Um, ya, wanting to do a little more than my program can take
Ok, so I have an Excel Sheet with 38,500 row of data. Now, only 11,591 of those rows are relevant. The bad new is that I have to go through those 11,591 rows at least 72 times, which accounts for reading 834,552 rows. So I let it run for 10-15 minutes probably, and it evenutally froze and crashed (yay!).
Now, to put it into context, the Excel Sheet contains data like this:
Column 1 = The Year for the Data (2010 or 2011 in this case)
Column 2 = The Month of the Data represented as their month number (where 1 is January) (9 through 7 of the next year in this case)
Column 3 = A name of some sort (sorry, cant be more specific)
Column 4 = A city name
These are the only relevant columns for my current issue.

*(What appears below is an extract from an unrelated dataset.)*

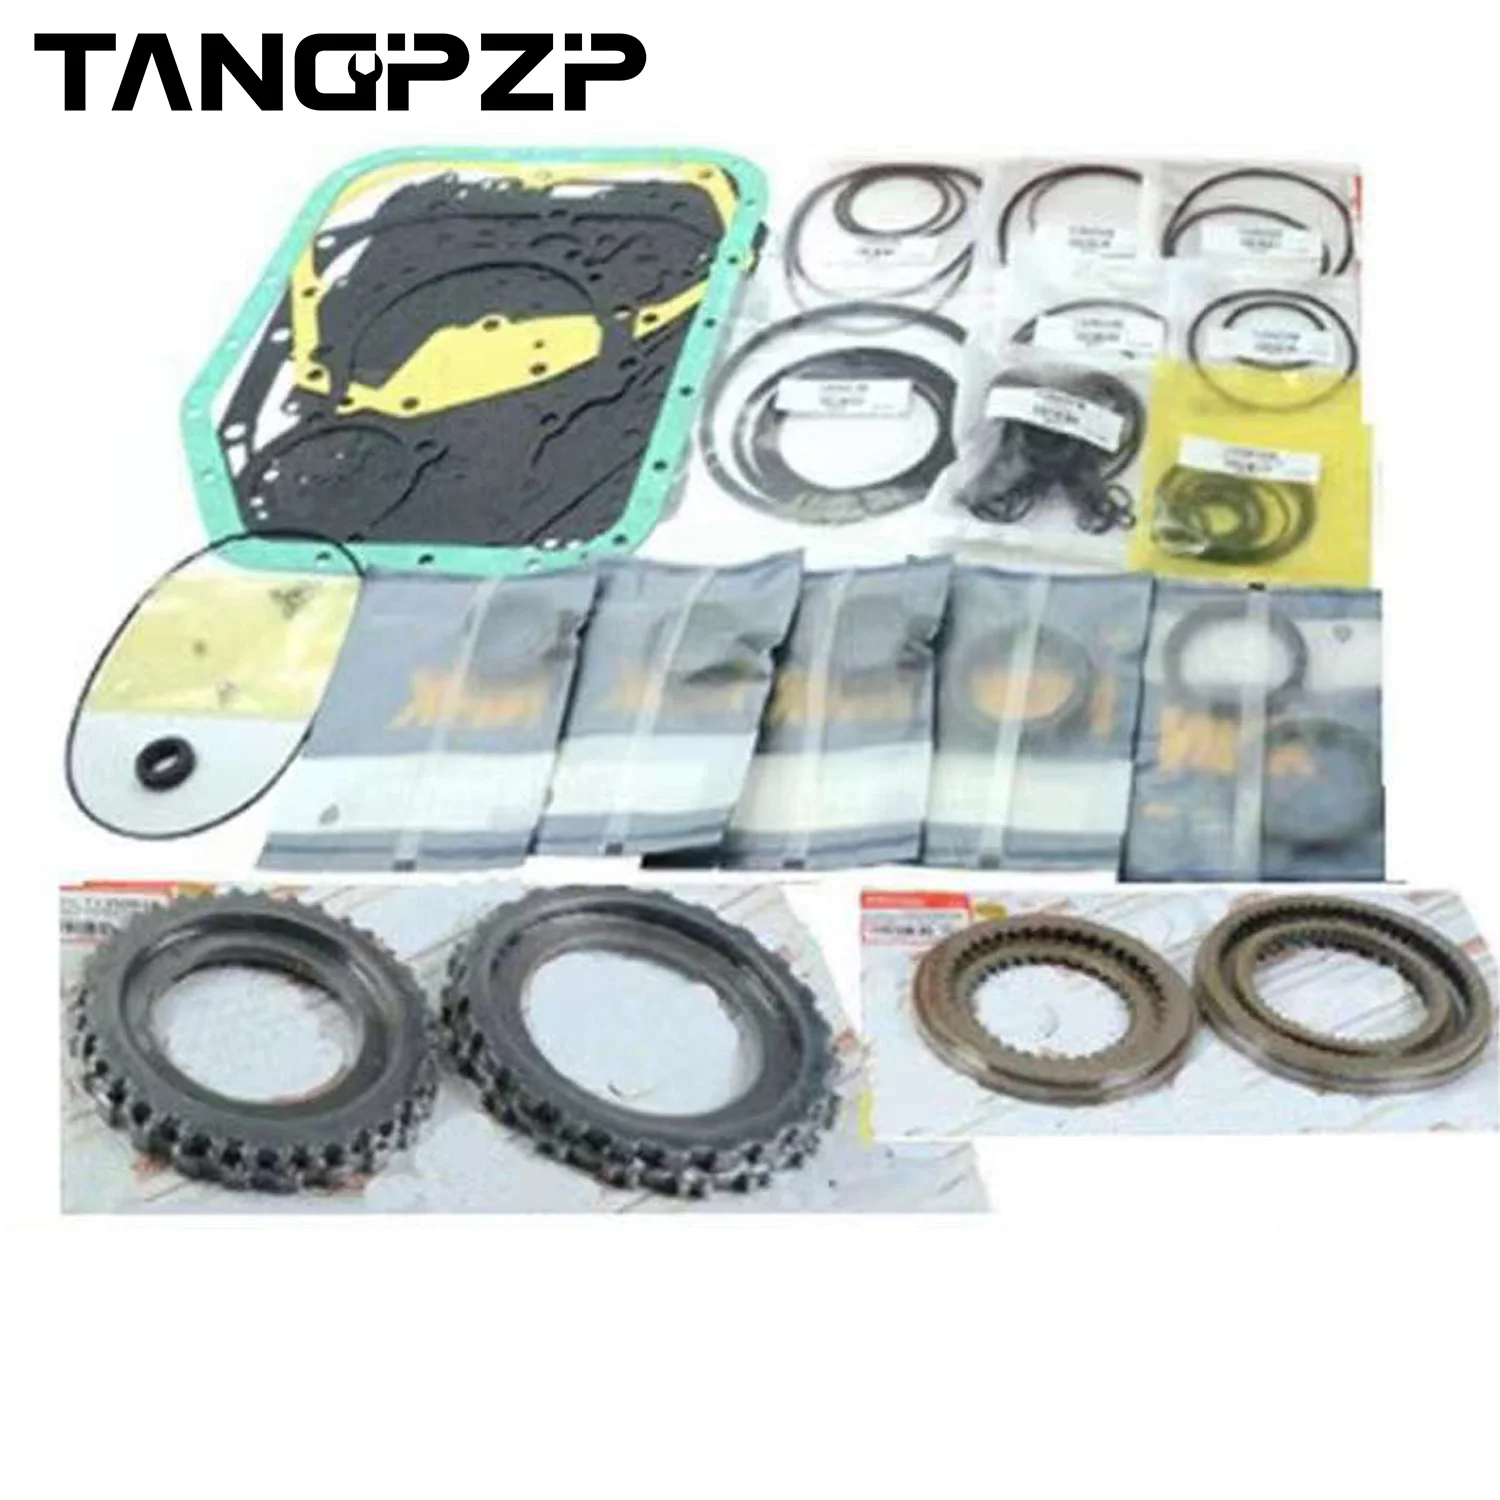 

5EAT Automatic Transmission Clutch Repair Kit Frictions Gaskets Sealing Rings For SUBARU Legacy Outback Tribeca 5-SPEED

Now, what is happening here is: Given a Year, a Month, and a City, I am creating a data structure to store an Object that I created that holds a Name, 2 Cities, and two numbers. The Name is aquired from Column 3, 1st City from Column 4, 2nd City from Column 5, 1st number from Column 7, 2nd number from Column 10. Now, these Objects need to be separed by their Name because they will be treated differently later on, so my data structure is an ArrayList that contains ArrayLists of Object with all the same Name variable.
My current method of finding each Object is to increment rows until the correct Year is found, then increment rows until the correct Month is found, then increment rows looking for the correct City and creating Objects with that row until the row doesnt correspond with the correct Month anymore.
So clearly that isnt working for me. Does anyone else have any ideas as to how to approach this?
Re: Um, ya, wanting to do a little more than my program can take
Why the 72 passes? I missed the reason for that.
Re: Um, ya, wanting to do a little more than my program can take
Well, the 11,591 rows is a three month long period, so thats about 4,000 rows for each month. The 4,000 rows is ordered based on the Name, and then ordered by the City Names. I receive 72 City Names, and I need to search each Name for that City Name to see if I need to include in it in my Array. So I need to make 3 passes (for 3 months) of about 4,000 rows, for all 72 City Names.
Re: Um, ya, wanting to do a little more than my program can take
How about putting the 72 Names in a Set and then for each record you could do one lookup to see if its Name is in the Set.
One pass looks at all 12K records
Re: Um, ya, wanting to do a little more than my program can take
I'm still a bit unclear of your goal (sounds a bit complex, a short snippet example would define the problem a bit better), however:
Quote:
increment rows until the correct Year is found, then increment rows until the correct Month is found, then increment rows looking for the correct City and creating Objects with that row until the row doesnt correspond with the correct Month anymore
This sentence sounds like some sort of tree data structure might help. Makes searching fast and easy. You could do it through a node/pointer type reference structure, or possibly easier through a few Maps whose values index the keys in another map until you reach your goal.
Re: Um, ya, wanting to do a little more than my program can take
Quote:
Originally Posted by
Norm
How about putting the 72 Names in a Set and then for each record you could do one lookup to see if its Name is in the Set.
One pass looks at all 12K records
I made a HUGE rookie mistake and I feel like an idiot now. I forgot to increment the rows...
Regardless, that thought came into my mind after I made this post, and now that you said it I am happy I forgot to increment the rows because I'm going to give that a shot.
It also seems to be overlooking some things with my current setup, I will have to look into that.